A word on where NPA 2025-07 fits in this picture. NPA 2025-07, published 10 November 2025, proposes a new set of detailed specifications on AI trustworthiness for the safe use of AI in aviation in response to the EU AI Act, Chapter III, Section 2 [5]. The original comment deadline was 10 February 2026, extended to 10 March 2026 [5]. That publication is the first step of Rulemaking Task 0742, to be followed by a second NPA in 2026 to deploy this generic framework to the regulations of the relevant aviation domains [5]. That second NPA will be the instrument that translates Issue 03's guidance into binding certification requirements across aircraft, ATM, and drones.
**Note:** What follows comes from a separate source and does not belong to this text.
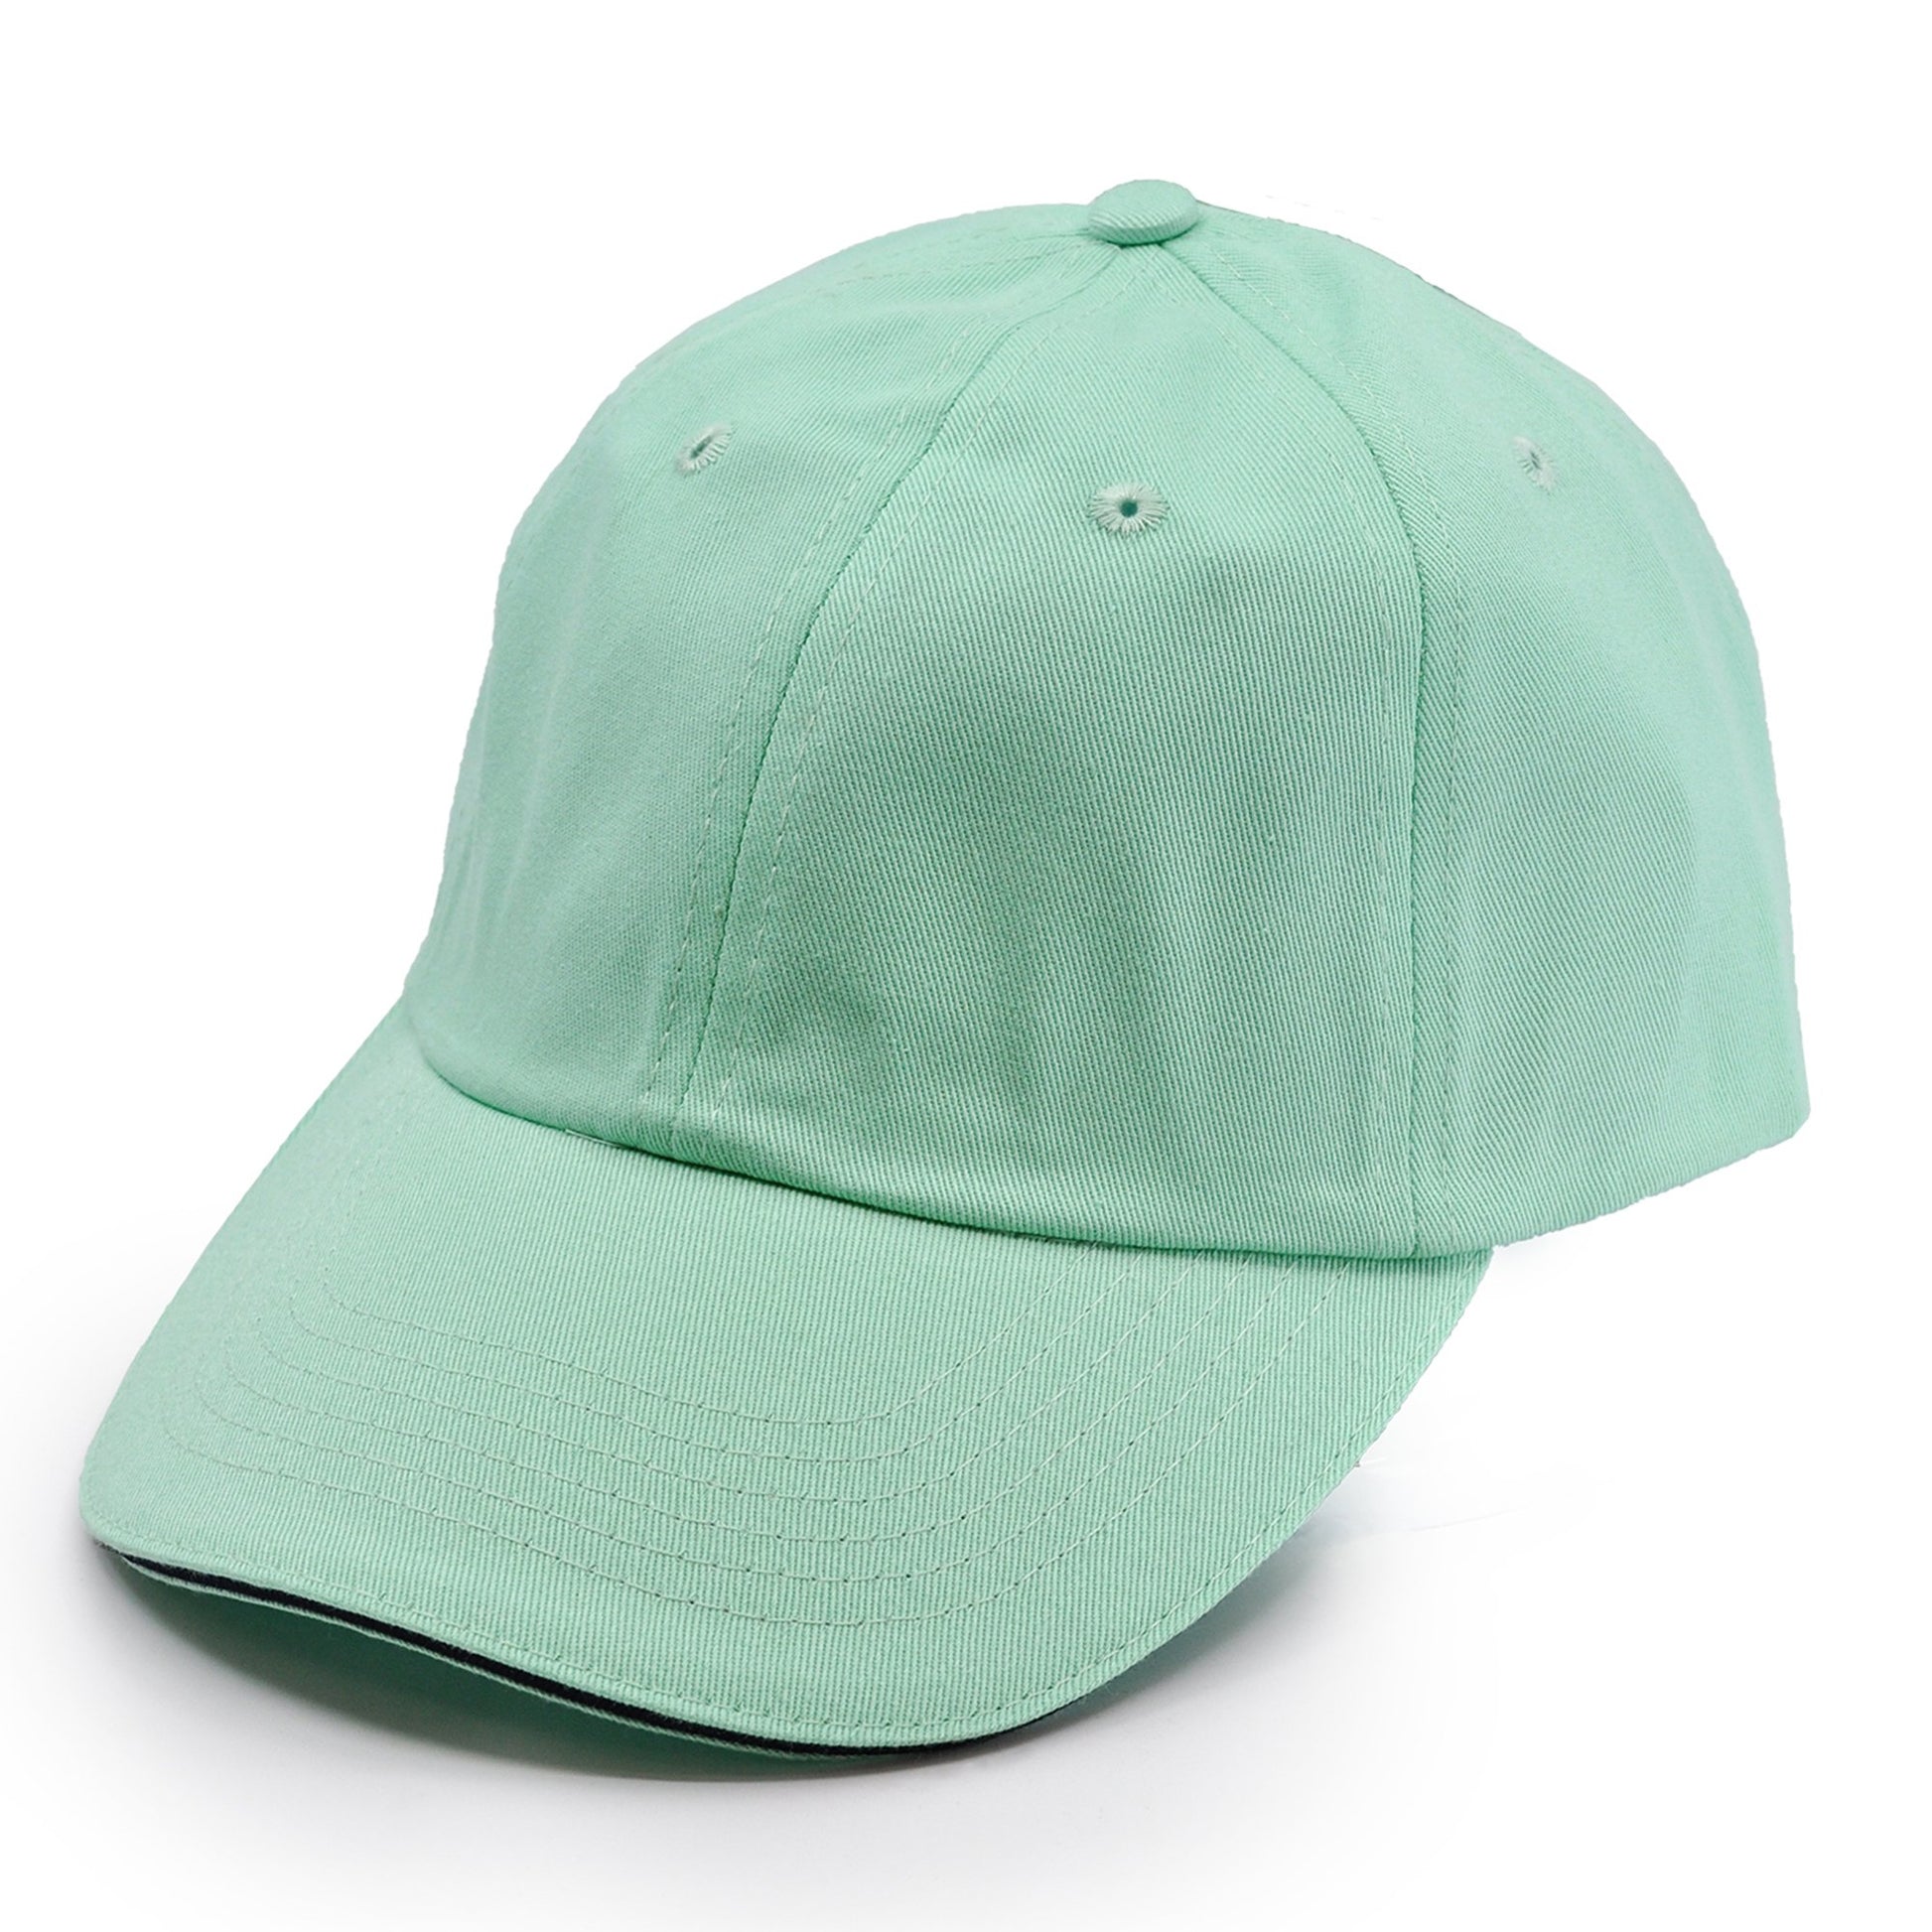 River Beach 100% Cotton Unisex Sports Cap, in color Mint Green. Front View.
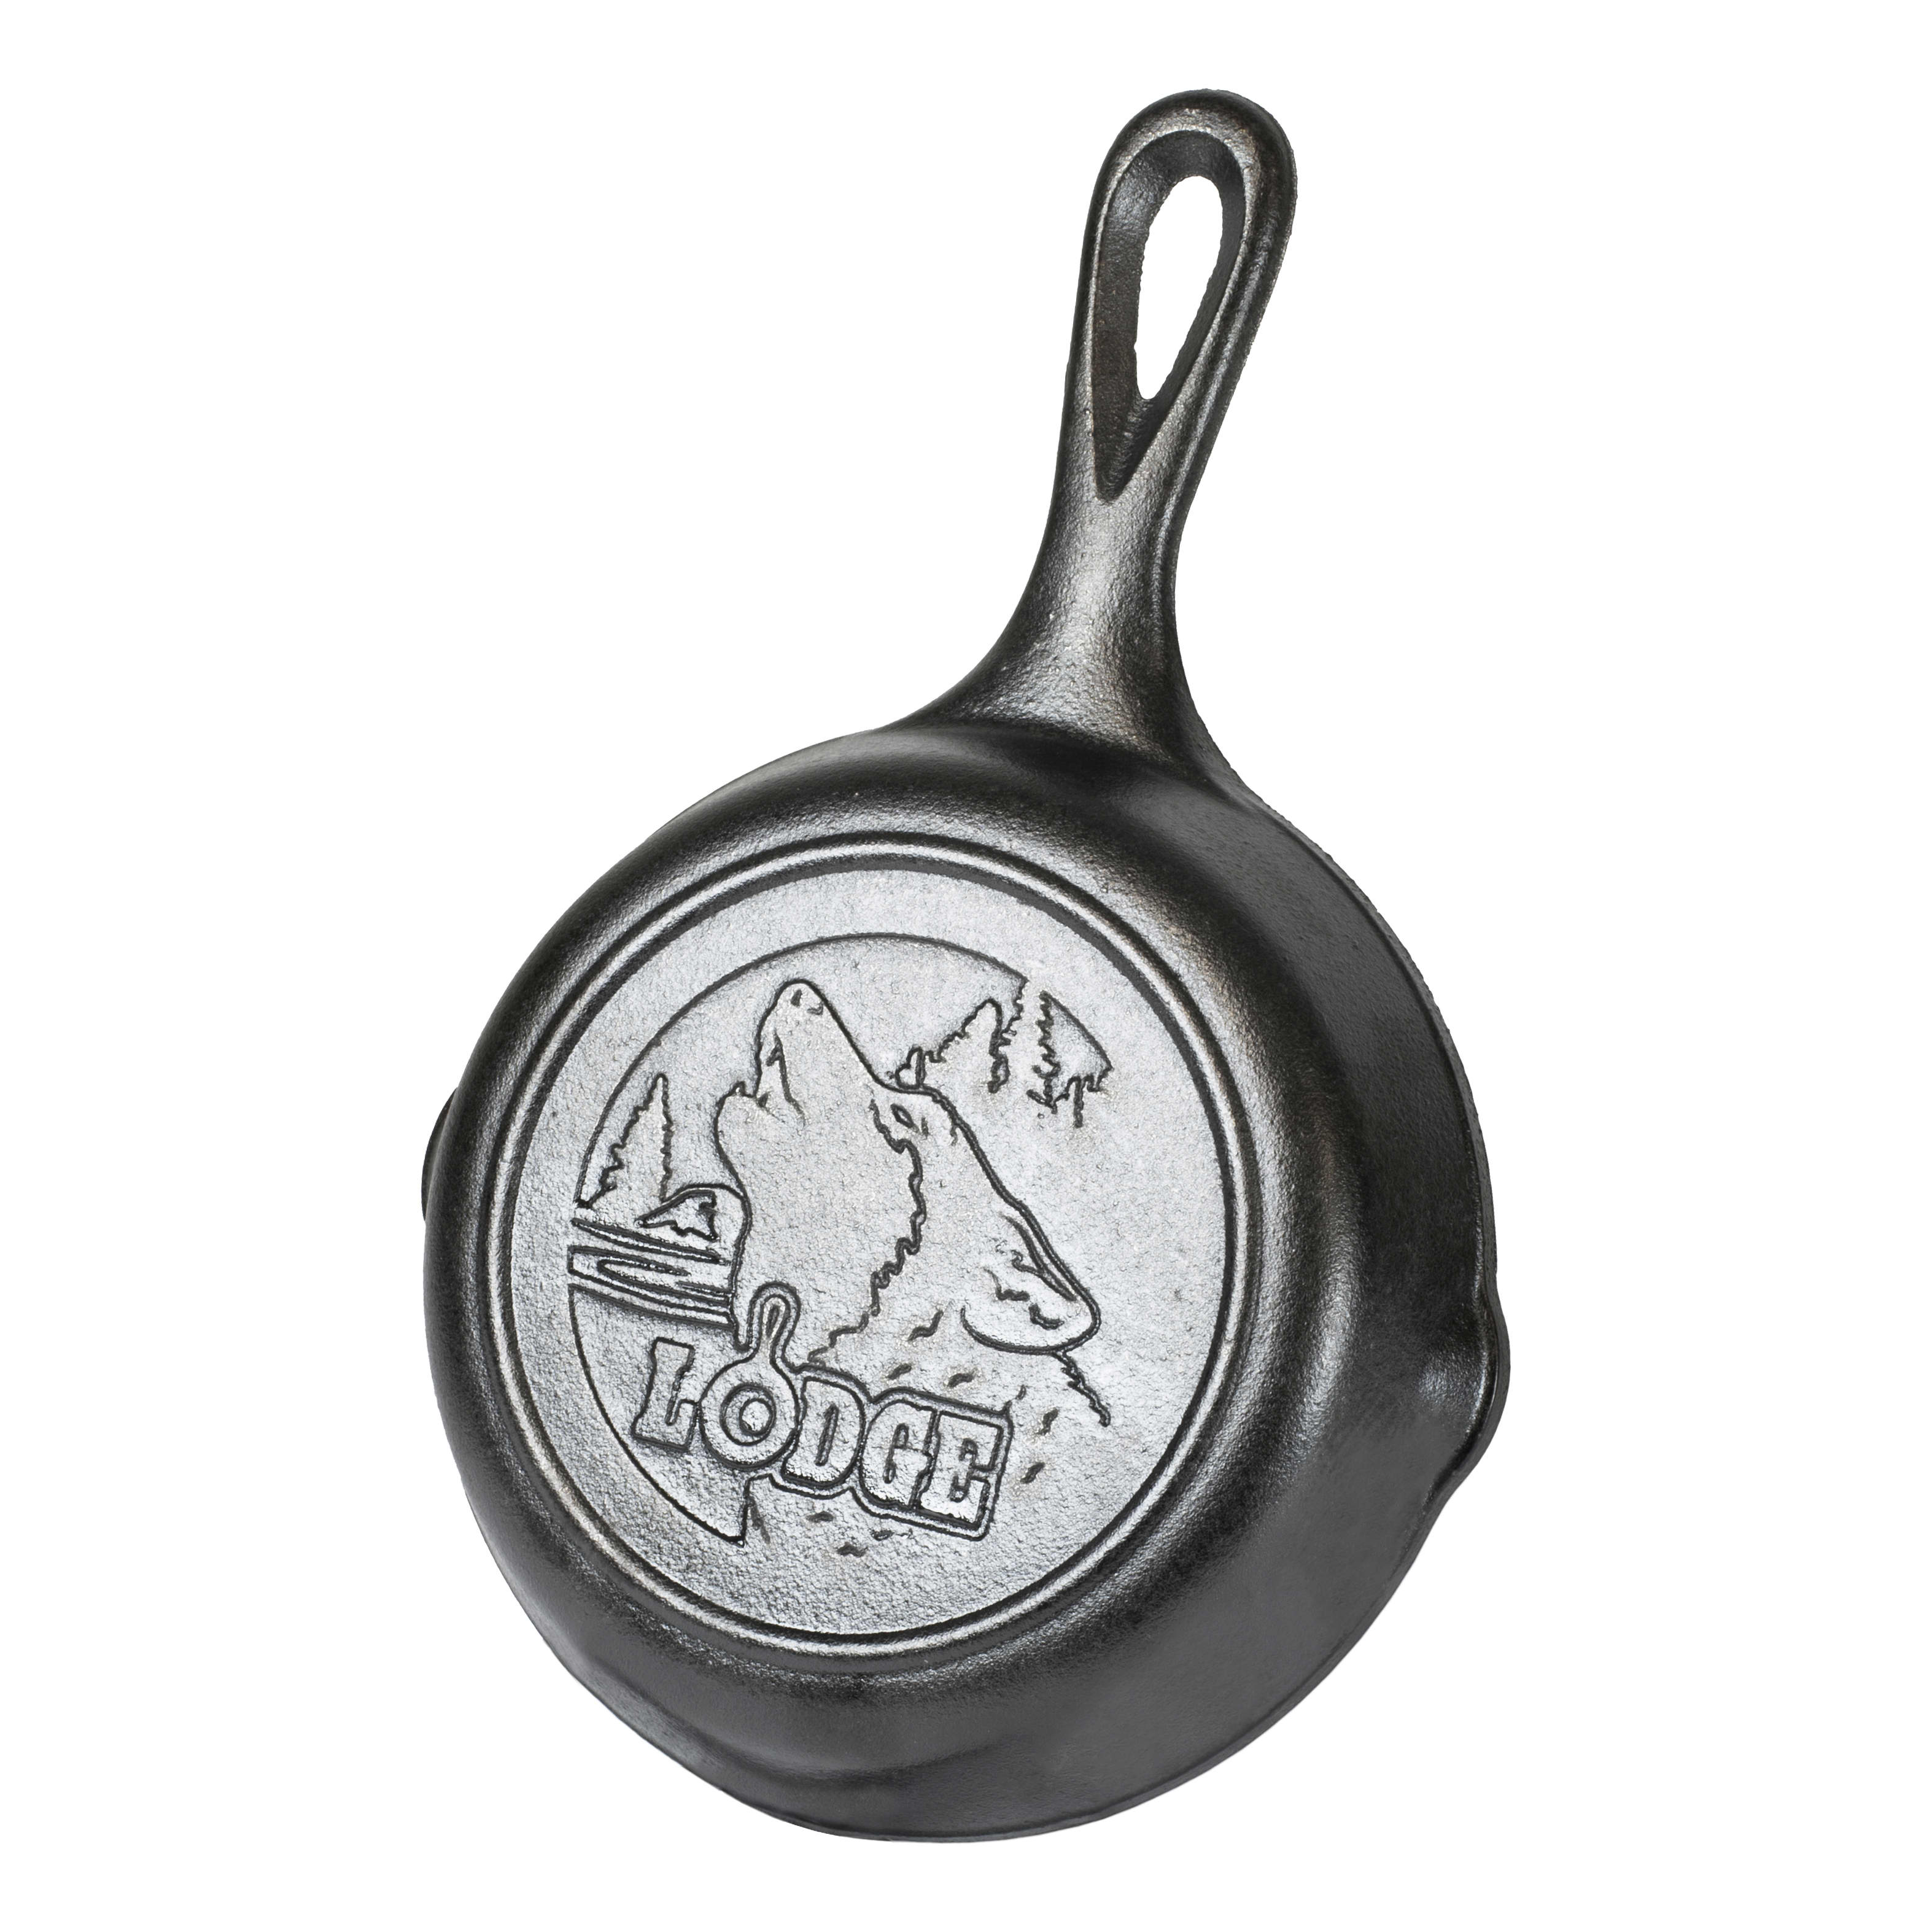 Lodge 6-1/2" Cast Iron Skillet with Wolf Scene

Founders should track it: it is the downstream instrument that will determine exactly where and how the DAL D ceiling becomes a hard legal constraint rather than guidance.
For Founders
If you are building an early-stage aerospace or defence venture in Europe and your architecture depends on a general-purpose LLM in any safety-critical loop, you now have a regulatory fact to plan around: DAL D is the ceiling, and that ceiling excludes you from the applications that attract the highest contract value and the most defensible competitive moats. The path forward is one of two things.
The first is deliberate architectural separation: put the LLM in the ground-based, non-safety-critical workflow, documentation generation, maintenance query answering, training support, where DAL D is entirely workable, and build the safety-critical constituent with a purpose-built supervised or logic-and-knowledge-based model that can reach higher assurance levels. This is not a compromise. It is an architecture that will survive scrutiny and investor due diligence.
The second is to engage EASA directly. Stakeholders are invited to provide their comments and to send their feedback to ai@easa.europa.eu no later than 12 August 2026 [1]. If you have a credible engineering argument for why performance evaluation plus safe incorporation can work at higher criticality for a specific, tightly bounded application, make that argument in writing before the deadline. That is how regulatory frameworks get refined.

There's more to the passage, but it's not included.